- TASK OBJECTIVE -
Please return the data that follows precisely as written, but without the images.

- THE DATA -
________________________

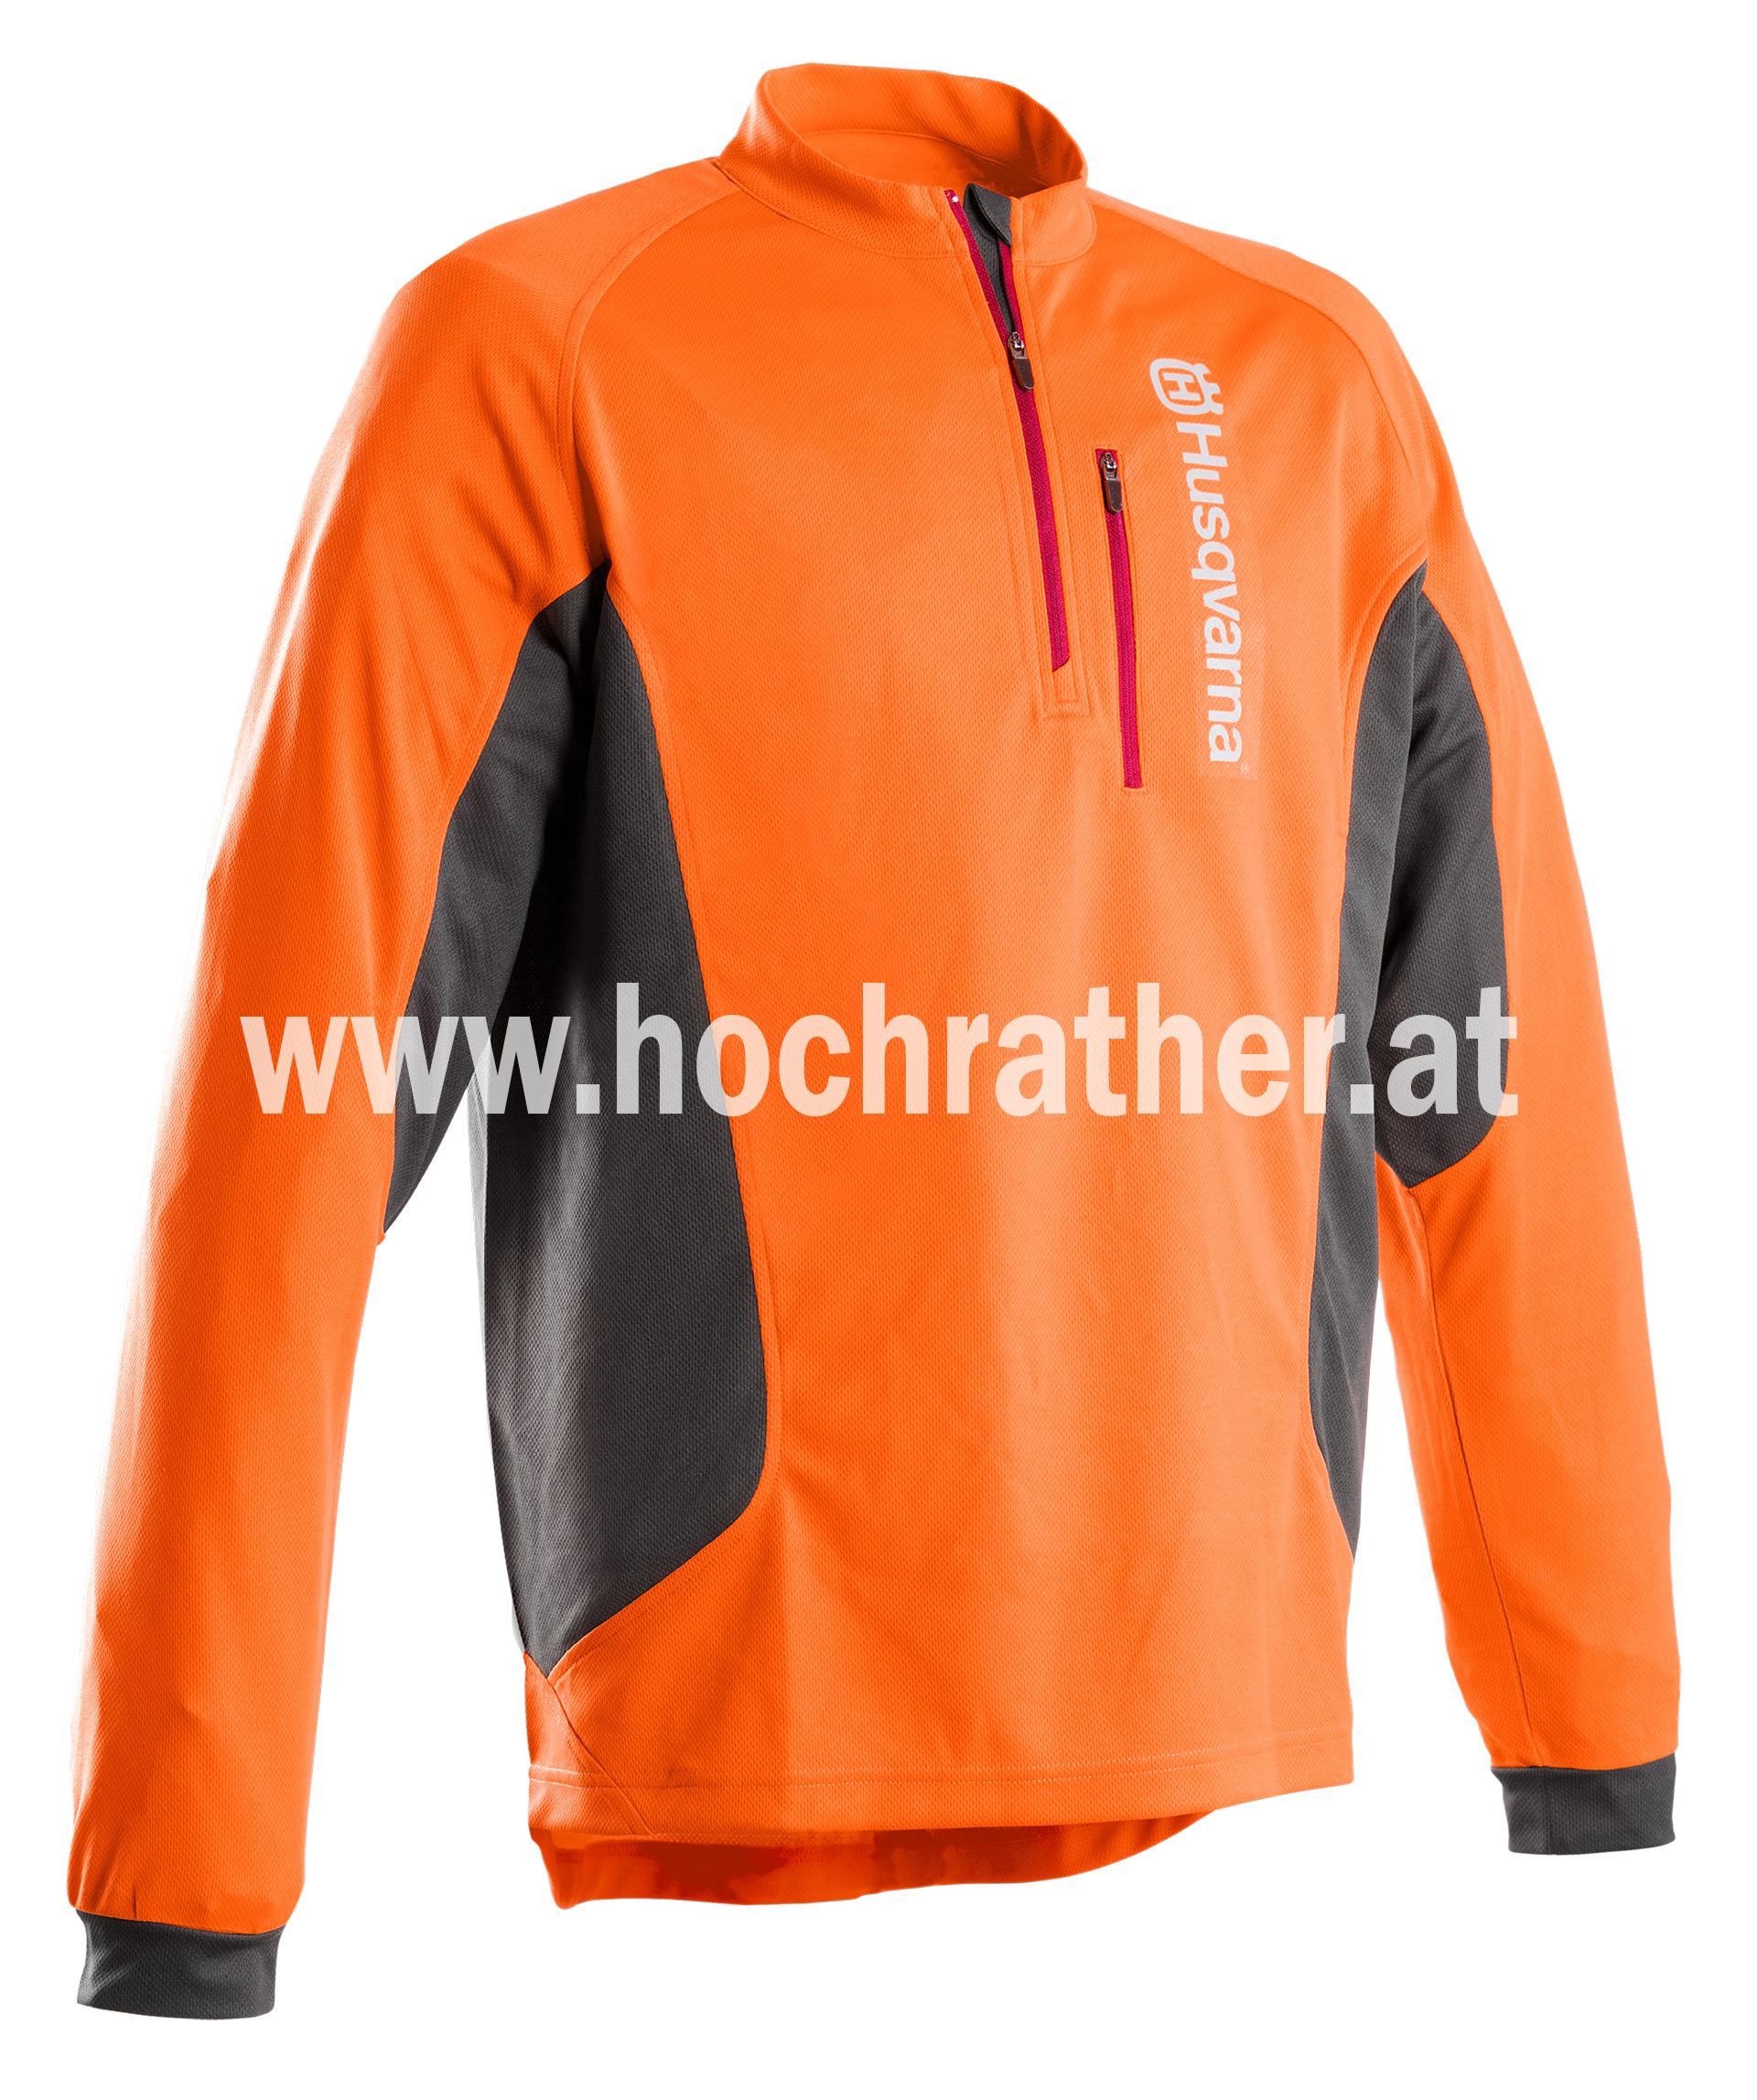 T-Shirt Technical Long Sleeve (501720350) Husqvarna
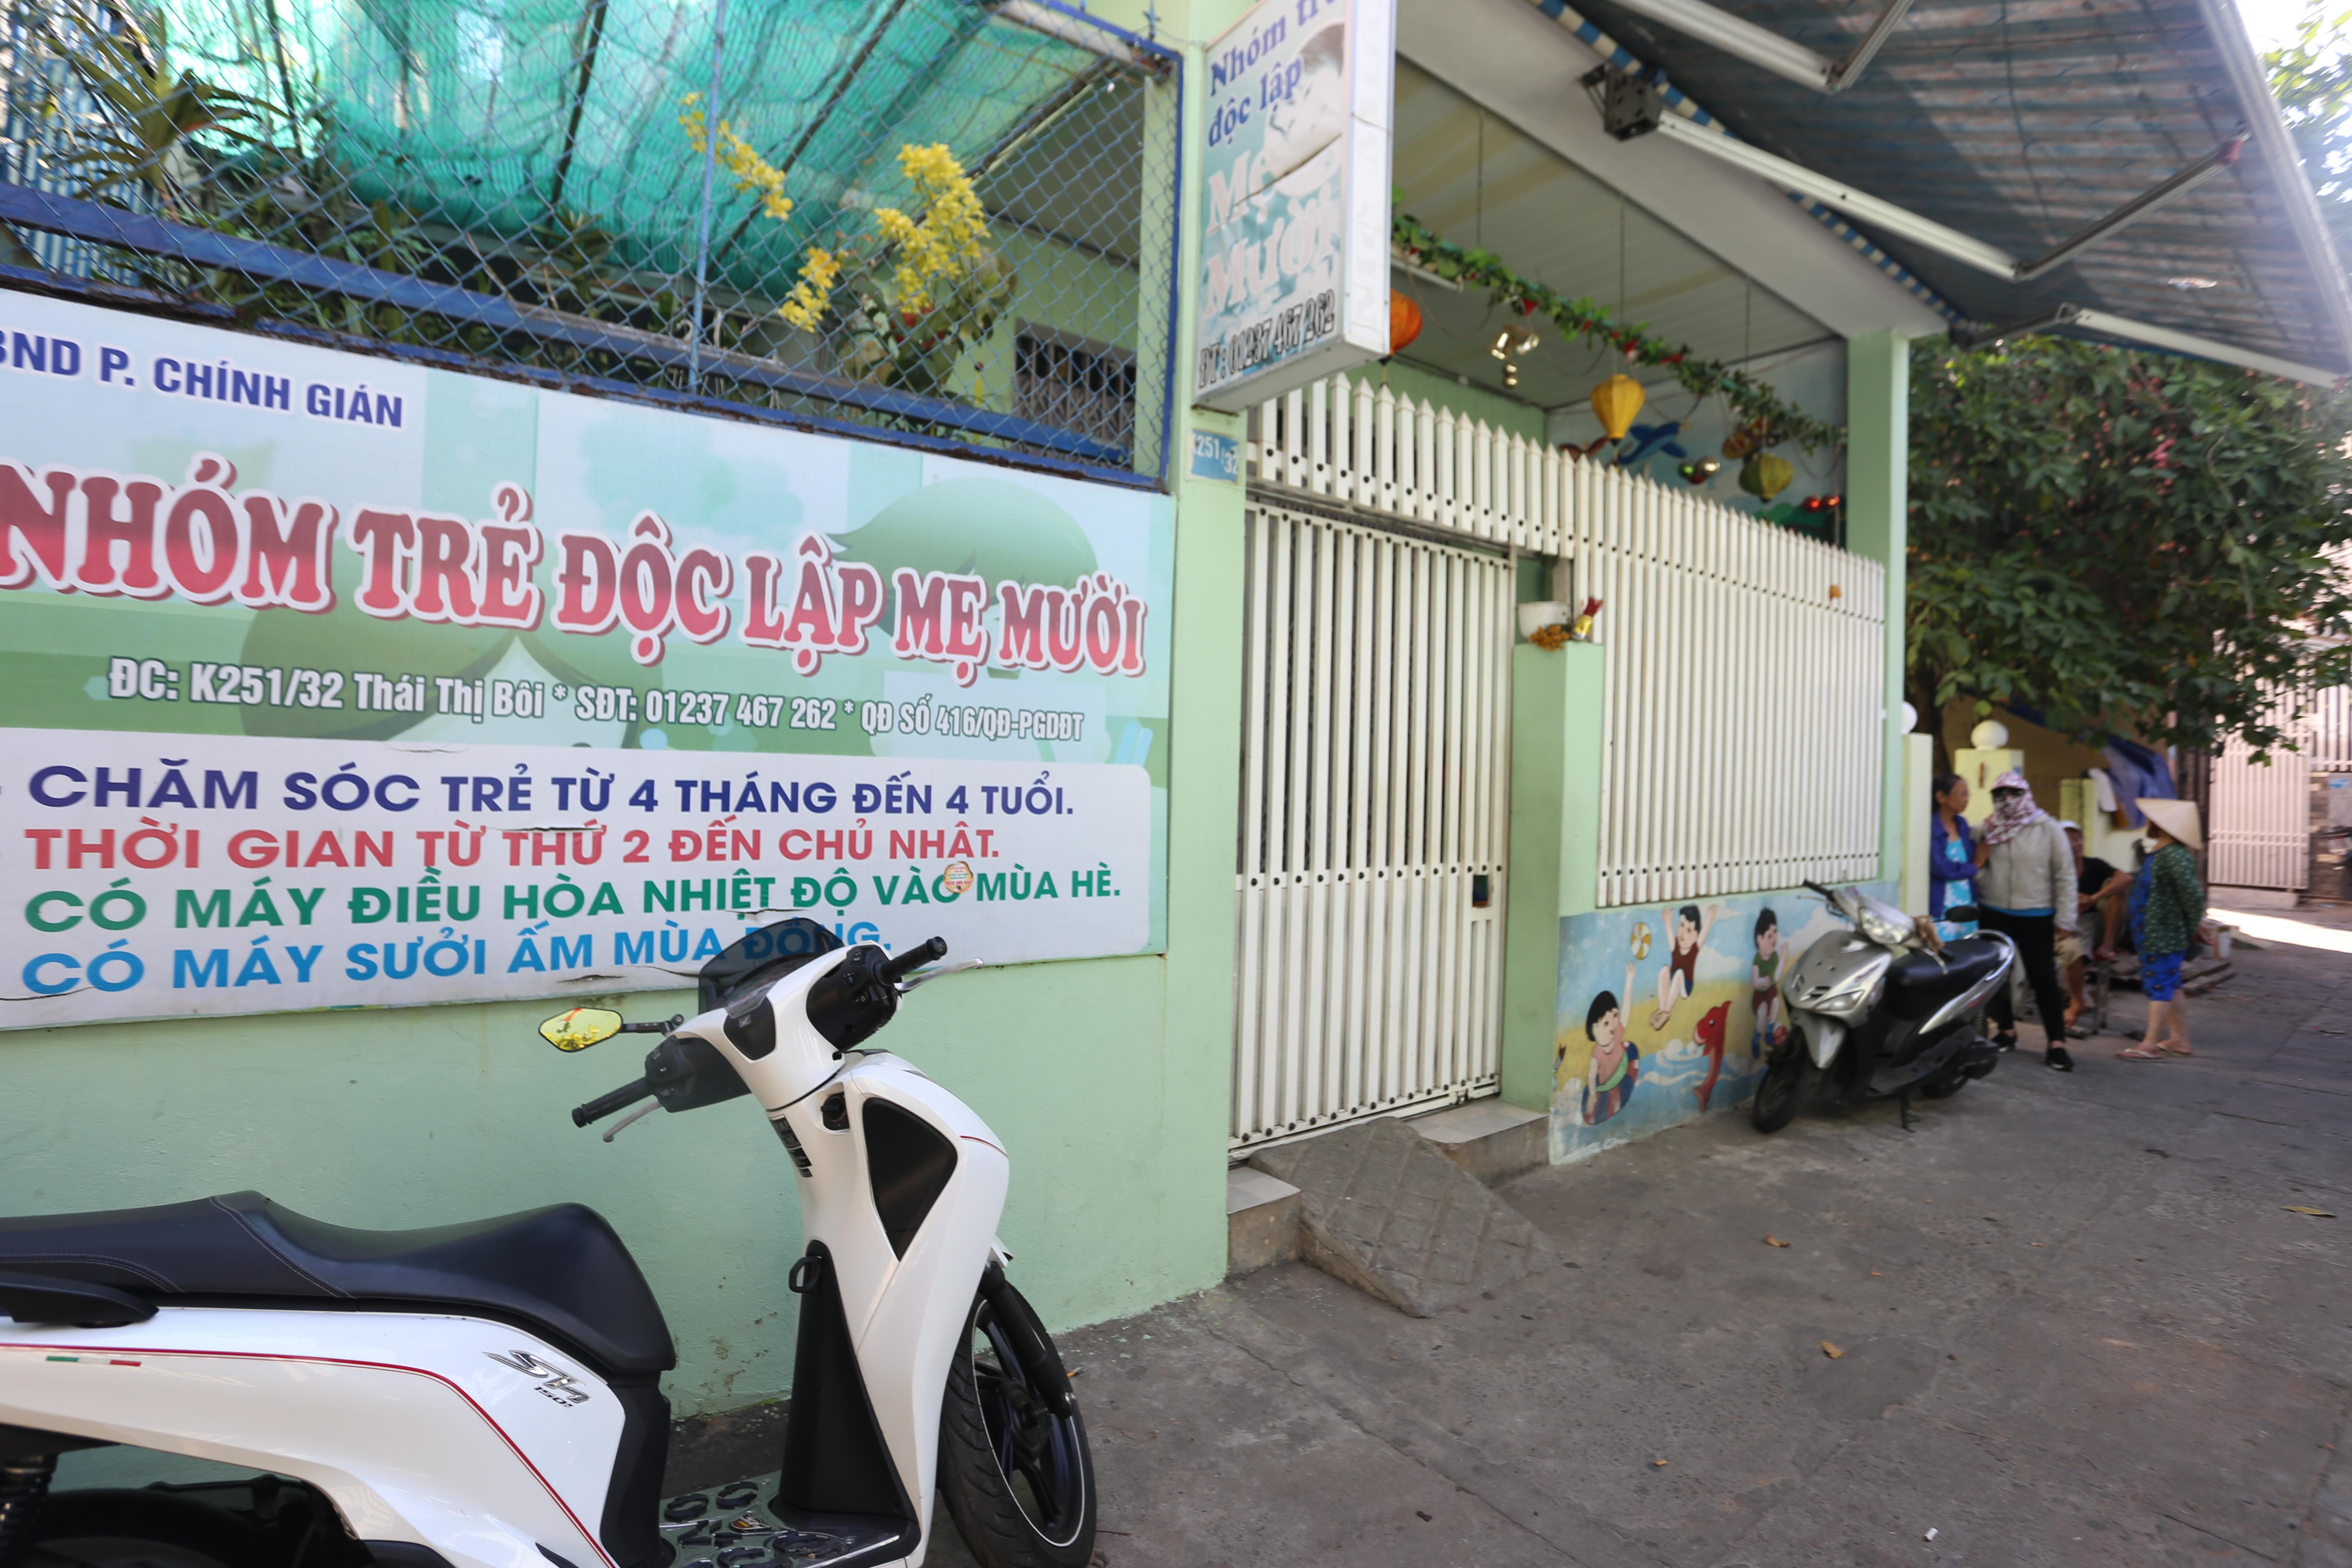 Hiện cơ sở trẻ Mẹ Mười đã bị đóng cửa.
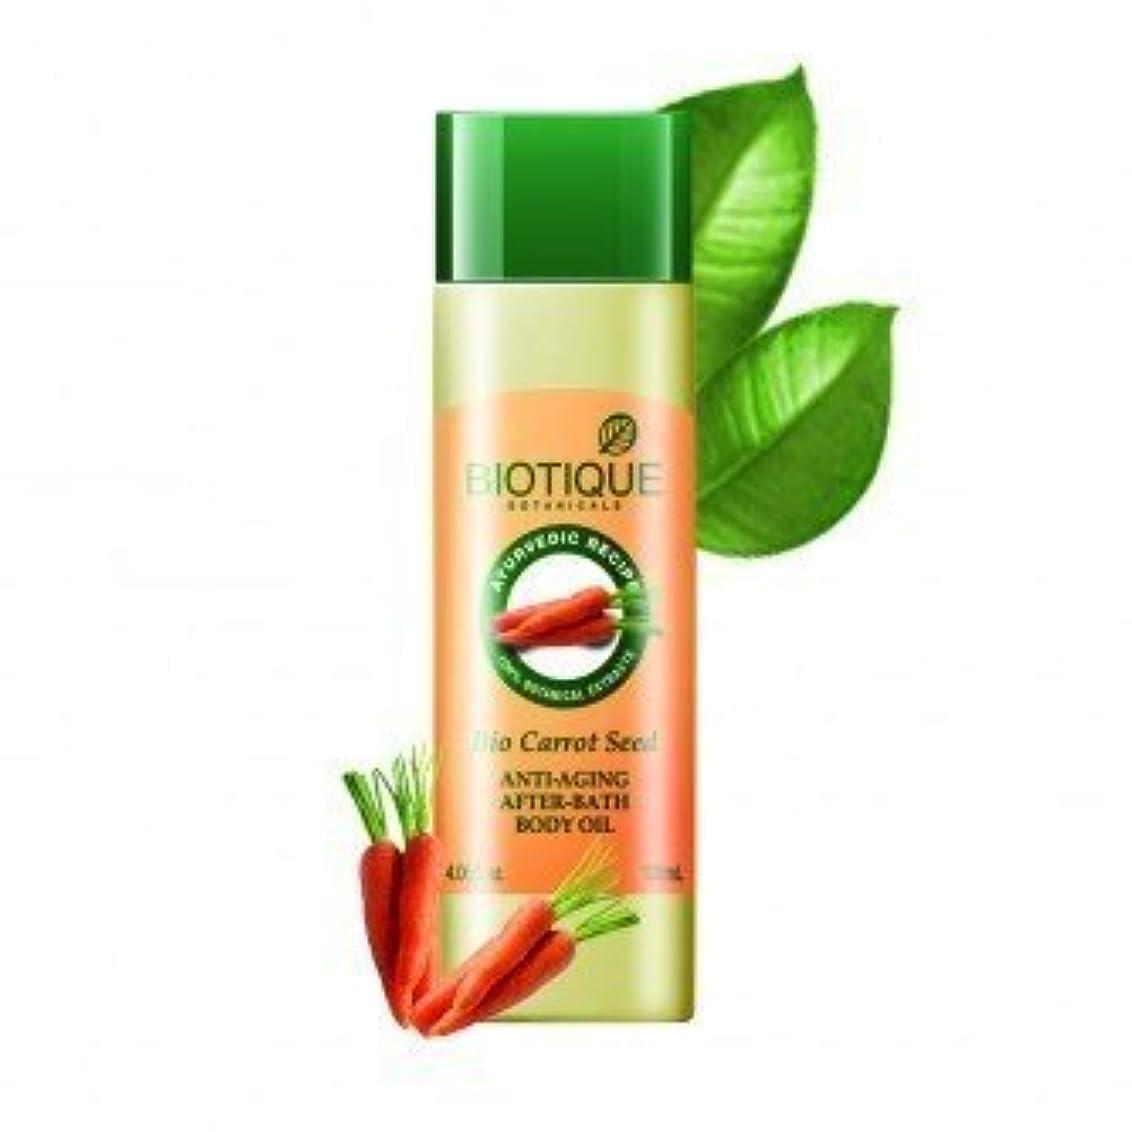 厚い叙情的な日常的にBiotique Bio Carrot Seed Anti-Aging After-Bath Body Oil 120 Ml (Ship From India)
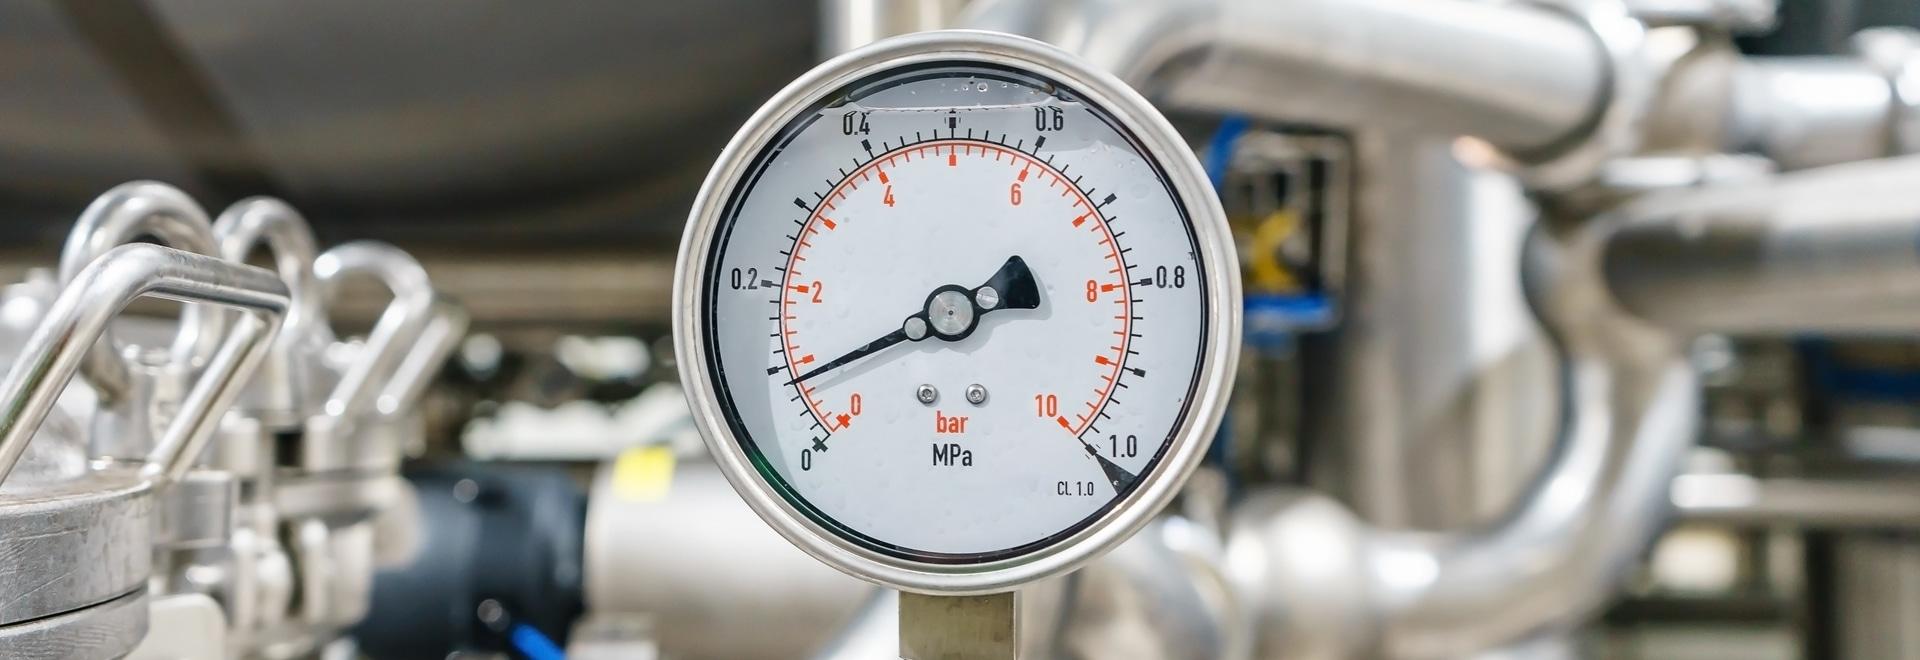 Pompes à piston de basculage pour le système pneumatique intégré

________________________

- WRITTEN RESPONSE -
 T-Shirt Technical Long Sleeve (501720350) Husqvarna
 Hiện cơ sở trẻ Mẹ Mười đã bị đóng cửa.
 厚い叙情的な日常的にBiotique Bio Carrot Seed Anti-Aging After-Bath Body Oil 120 Ml (Ship From India)
 Pompes à piston de basculage pour le système pneumatique intégré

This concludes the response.